You probably don’t want to do an output every time step as the time steps may
be quite small, but rather at a user specified interval (ideally in terms of
time rather than time steps). At these times you should write output to file.
The most efficient method will probably be for each process to write their own
files, though you could use MPI files to write to a single file. You should
write a separate program or script which collates these files and generates a
graphical output. This can be done in Python.
Performance Analysis
In addition to documented source code you should also submit a short report
which includes an analysis of the performance of the code. I wish to see how
the Efficiency/Speedup changes with the size of the problem and the number of
cores used. You will need to use the HPC system if you are to test this on a
suitable number of cores to see good trends. How does the efficiency behaviour
compare to what you might have expected?
Because you can use a dynamic time step that depends on resolution, as well as
having an internal iteration where the convergence could well depend on
resolution, there are a number of different runtimes that you may need to
consider - total simulation time, time per timestep, time per Jacobi iteration
(including communication). Also remember that you will need to consider
averages for these and will need to run the simulations multiple times to get
robust results.
There are two submission deadlines for this coursework. The reason for this
two stage submission is so that people are not working on this coursework
during the group project. You will be given access to the HPC system once the
group project is complete.
Submission
What is required to be in the GitHub repository
First submission deadline:
- Documented source code
- Both simulation and post-processing code
Second submission deadline:
- Both simulation and post-processing code
- Videos/animations of the simulation output
- Short report on the performance of the code
- The report has a 1000 word limit, but can be accompanied by figures
- Output log files from your HPC runs ( .o files)
Mark Scheme
- Code commenting and documentation
- Code implementation, structure and efficiency
- Postprocessing code
- Results
- Analysis and discussion of the program’s performance
- Extensions and additional implementations
What is required in the code
In this assignment I want you to demonstrate your MPI programming skills.
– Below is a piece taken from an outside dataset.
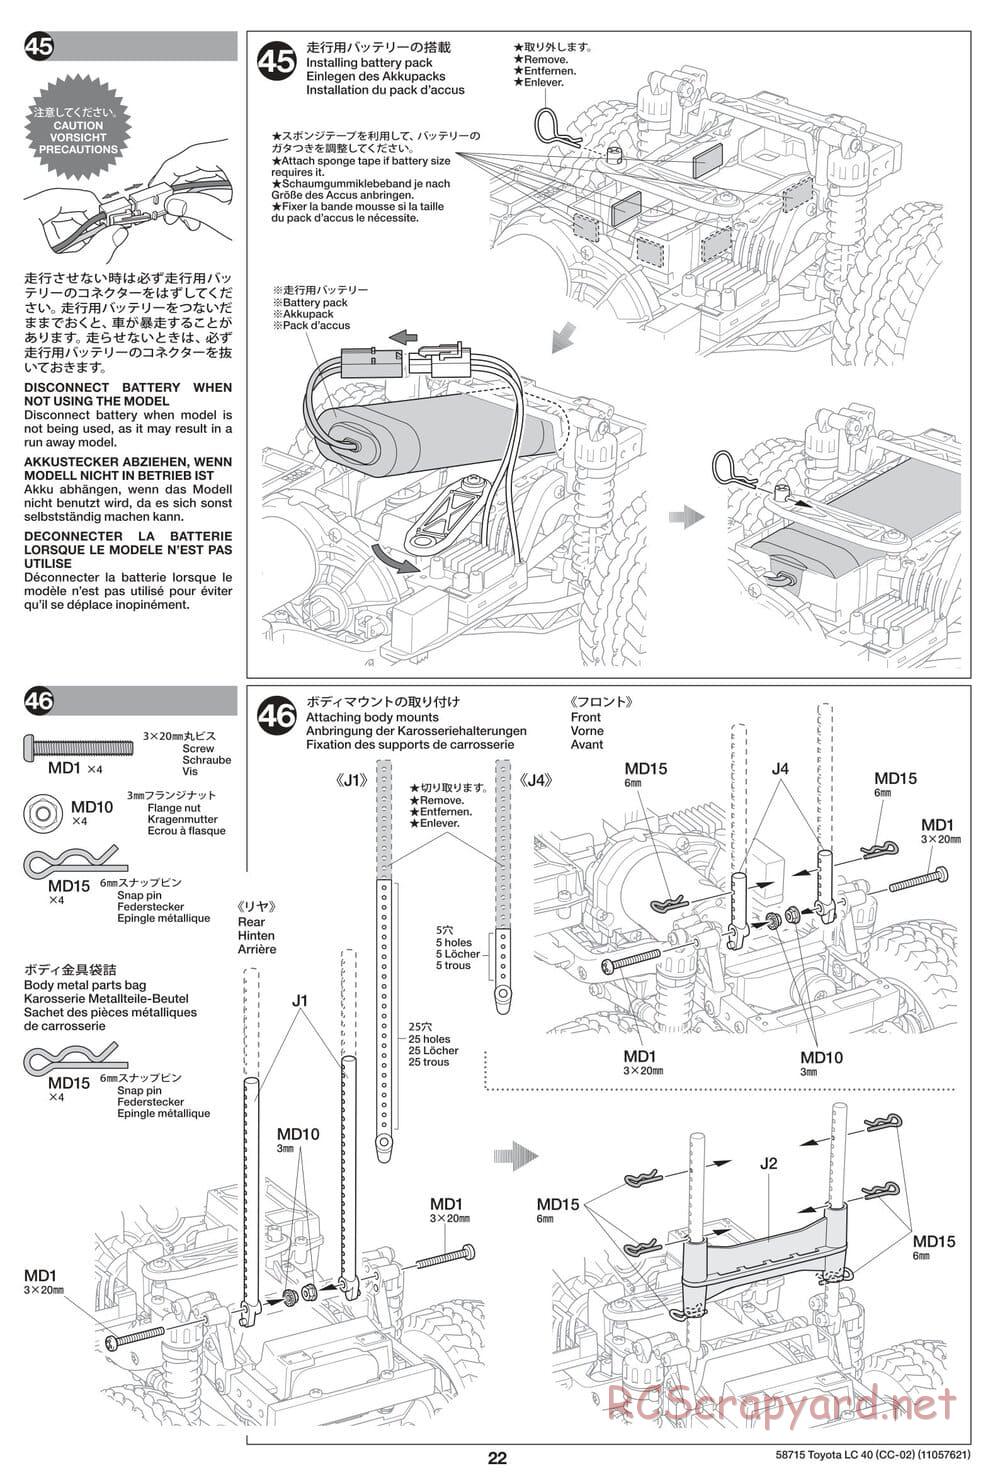 Tamiya - Toyota Land Cruiser 40 - CC-02 Chassis - Manual - Page 22

The
code MUST therefore make use of the following MPI techniques:
Required:
- Non-blocking point to point communications
- Collective communications for determining the time step and residual
- Creating your own MPI variable types
- You MUST use MPI_Type_create_struct - There are other easier ways to make MPI data types for very structured data like this, but I want you to demonstrate that you know how to do generic MPI datatype creation
Optional
- Doing calculations while waiting for communications to complete - You will need to watch out to make sure that you are not doing calculations that require the data from the neighbouring processors while waiting
- Internal boundaries and obstacles for the fluid to interact with
- You can also create a SEPARATE/EXTRA version using one-sided communications - The main version associated with virtually all of the marks will be the version using Nonblocking point to point communications. Therefore only try and do the one-sided communications version if the other version is complete, working well, profiled, documented etc and you have spare time. This would be more for your own interest than it would be for the extra marks!
- Similarly to above, you could also try to create a SEPARATE/EXTRA version that uses a staggered grid to try and get around the problem of having instabilities in the pressure field. Note that this will be a challenge in terms of both having to derive the appropriate discretisations (though I am willing to check them) and the neighbouring communications pattern required.